Specialized solutions — for specific OSes like Talos OS.

OS for nodes:

Standard Linux distributions (Ubuntu LTS, CentOS, Debian)
Specialized (Fedora CoreOS, Flatcar Container Linux with a read-only filesystem)
Talos — a minimalist option without a shell, managed entirely via API

Container Runtime:

Docker (dockershim) — removed from Kubernetes, but still supported via compatibility layers.
Containerd — the current de facto standard, supported by Kubernetes directly.
CRI-O — an alternative from Red Hat.
Special variants (Kata Containers, KubeVirt) for specific use cases.

Data Storage

Critical for stateful applications (databases, queues, caches). Forget about using local disks on nodes to store important data in production!

Solutions:

Ceph + Rook — distributed storage where Ceph pods run inside Kubernetes with automatic recovery on node failure.
LINSTOR — an alternative to Ceph.
Cloud CSI drivers (EBS, GCP Persistent Disk, Azure Disk) for cloud deployments.

The mechanism works like this: an application creates a PVC (Persistent Volume Claim) — a request for a disk. Kubernetes contacts the storage system via the Container Storage Interface (CSI), the system creates the disk, and Kubernetes attaches it to the pod.

StorageClass lets you define storage tiers (fast-ssd, slow-hdd, cloud-premium) and abstract away from the specific implementation.

Network Infrastructure

Networking in Kubernetes is arguably one of the most complex topics. Kubernetes creates a virtual network on top of the physical one. Each pod gets its own IP address. For this magic to work, you need a CNI plugin (Container Network Interface).

Popular CNI plugins:

Cilium — uses eBPF in the Linux kernel for high performance; includes the Hubble tool for visualizing network flows.
Calico — a mature plugin supporting VXLAN/IPIP or BGP routing.
Flannel — a simple option for beginners.
Cloud-specific plugins (AWS VPC CNI, Azure CNI, GKE Netd).

Service — an abstraction for accessing pods:

ClusterIP — internal access only.
NodePort — opens a port on every node (inconvenient for production).
LoadBalancer — in the cloud, creates a cloud load balancer; on bare metal, requires MetalLB.

MetalLB emulates a cloud LoadBalancer on bare metal, taking an IP from a dedicated pool and announcing it on the network.

Ingress — the standard for publishing web applications (HTTP/HTTPS).

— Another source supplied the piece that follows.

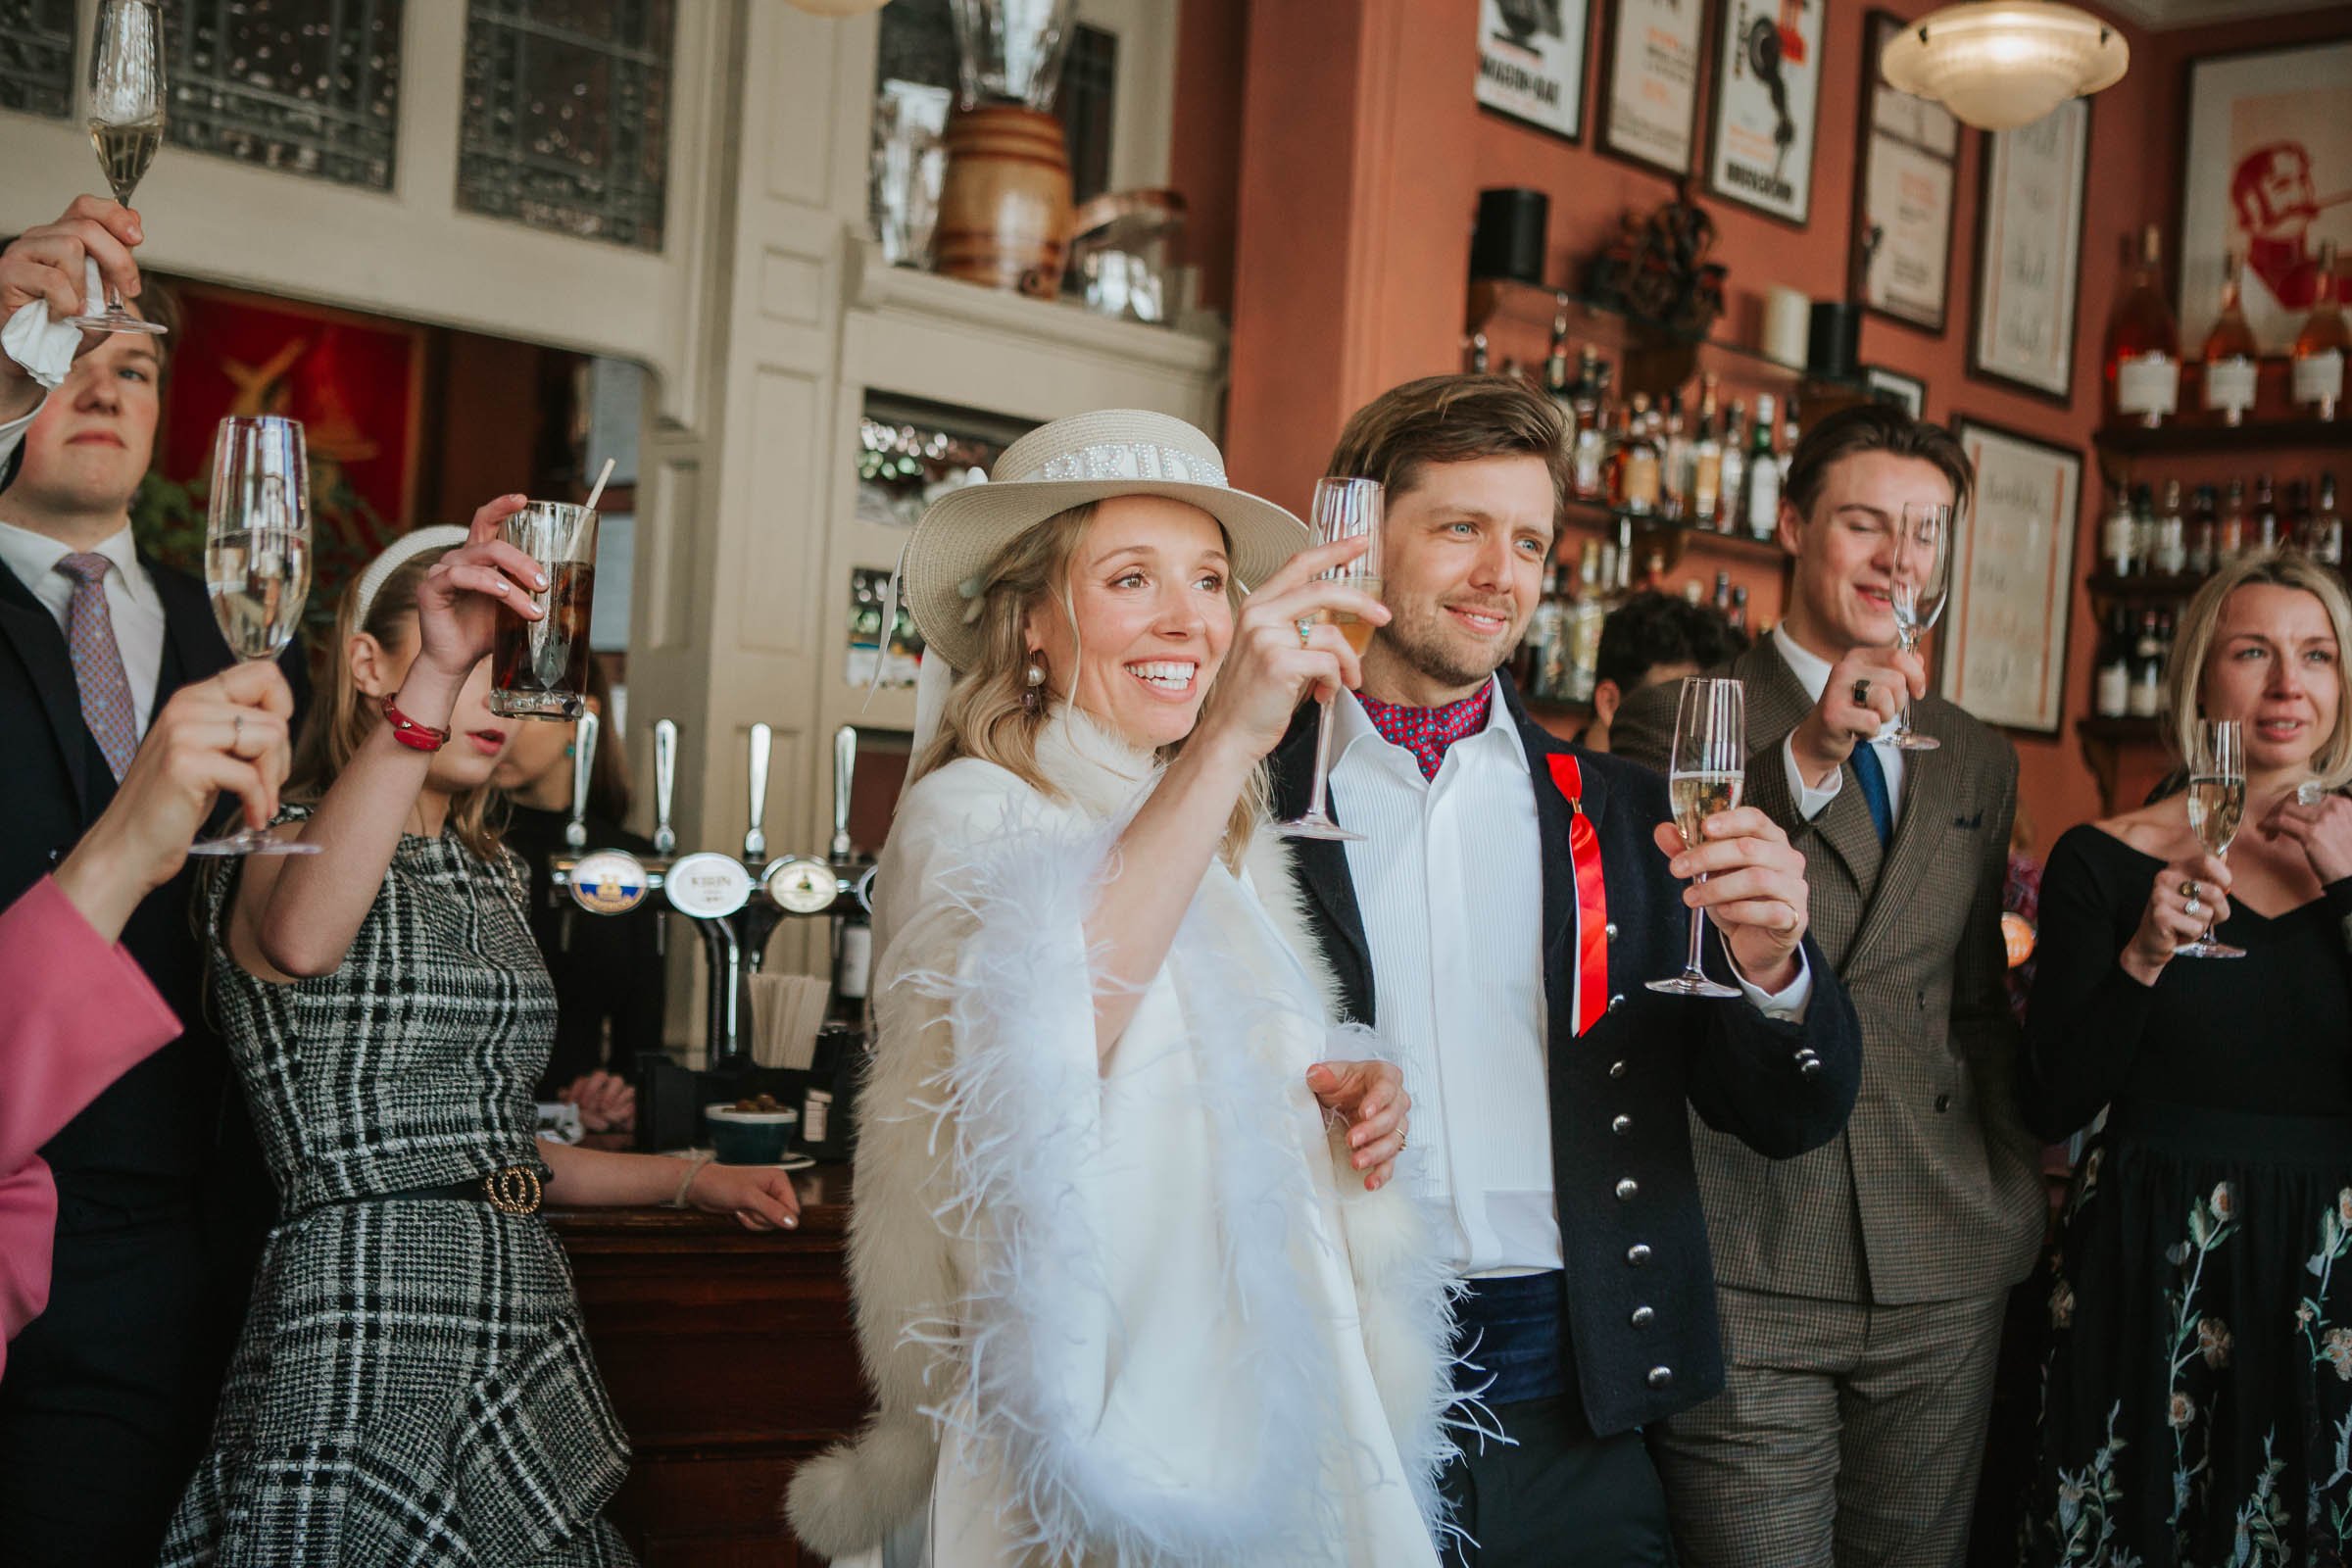  Guests and the bride and groom raise their glasses to a toast after the wedding speeches inside The Surprise Pub in Chelsea.

Requires an Ingress Controller:

Nginx Ingress Controller — the most popular, though vulnerabilities have been found.
Traefik — automatically obtains Let's Encrypt certificates.
HAProxy Ingress, Contour — alternatives.

Gateway API is a new specification that should eventually replace Ingress, but for now it's recommended to start with standard Ingress.

Information Security

Passwords, tokens, and keys should NEVER be in code or YAML manifests.

Storage mechanisms:

Secrets — for sensitive data (passwords, tokens, certificates), stored in etcd as base64 (not encryption!), with encryption and RBAC mechanisms available.
ConfigMaps — for non-sensitive configuration.
Integration with external systems — HashiCorp Vault, External Secrets Operator for centralized management and rotation.

Authentication:

X.509 certificates
Tokens (static, JWT, OIDC via Keycloak or Dex)
LDAP/AD integration

RBAC (Role-Based Access Control):

Roles and ClusterRoles describe permissions.
RoleBindings and ClusterRoleBindings link roles to users/groups/service accounts.
Namespaces provide logical isolation of resources.
The golden rule: least privilege.

Observability

Running a Kubernetes cluster without a configured monitoring and logging system is like putting a blind kitten in charge of administration.

Metrics:

Metrics Server — collects CPU/RAM from nodes and pods, needed for kubectl top and HPA.
Prometheus + Grafana — the de facto standard: Prometheus collects time-series metrics, Grafana builds dashboards.
Applications should expose metrics via an HTTP endpoint at /metrics in Prometheus format.

Logs:

Containers write logs to stdout/stderr.
You need centralized collection: agents (Fluentd, Fluent Bit, Promtail) on each node collect logs and send them to storage.
Storage options: Elasticsearch (ELK/EFK stack) or Loki (better integration with Prometheus, LGTM stack).
Logs should be structured for easy searching.

Tracing:

For microservice architectures, you need distributed tracing.
Tools: Jaeger, Zipkin, Tempo.
Applications must pass trace IDs and span IDs and send information about their operations.

Scaling

Operators:

These are custom controllers for managing complex applications. They work through Custom Resource Definitions (CRDs):

CRDs and an operator are installed (e.g., for PostgreSQL).
A YAML file describing the resource (PostgresCluster) is created.
The operator automatically creates StatefulSets/Deployments, provisions disks, configures replication and backups.

Autoscaling:

HPA (Horizontal Pod Autoscaler) — automatically adds/removes pods based on metrics (CPU, RAM, custom metrics).
VPA (Vertical Pod Autoscaler) — adjusts CPU/RAM requests and limits; less popular and can conflict with HPA.
Cluster Autoscaler — adds/removes entire nodes. This is the killer feature of cloud Managed Kubernetes. On bare metal, it requires the Cluster API.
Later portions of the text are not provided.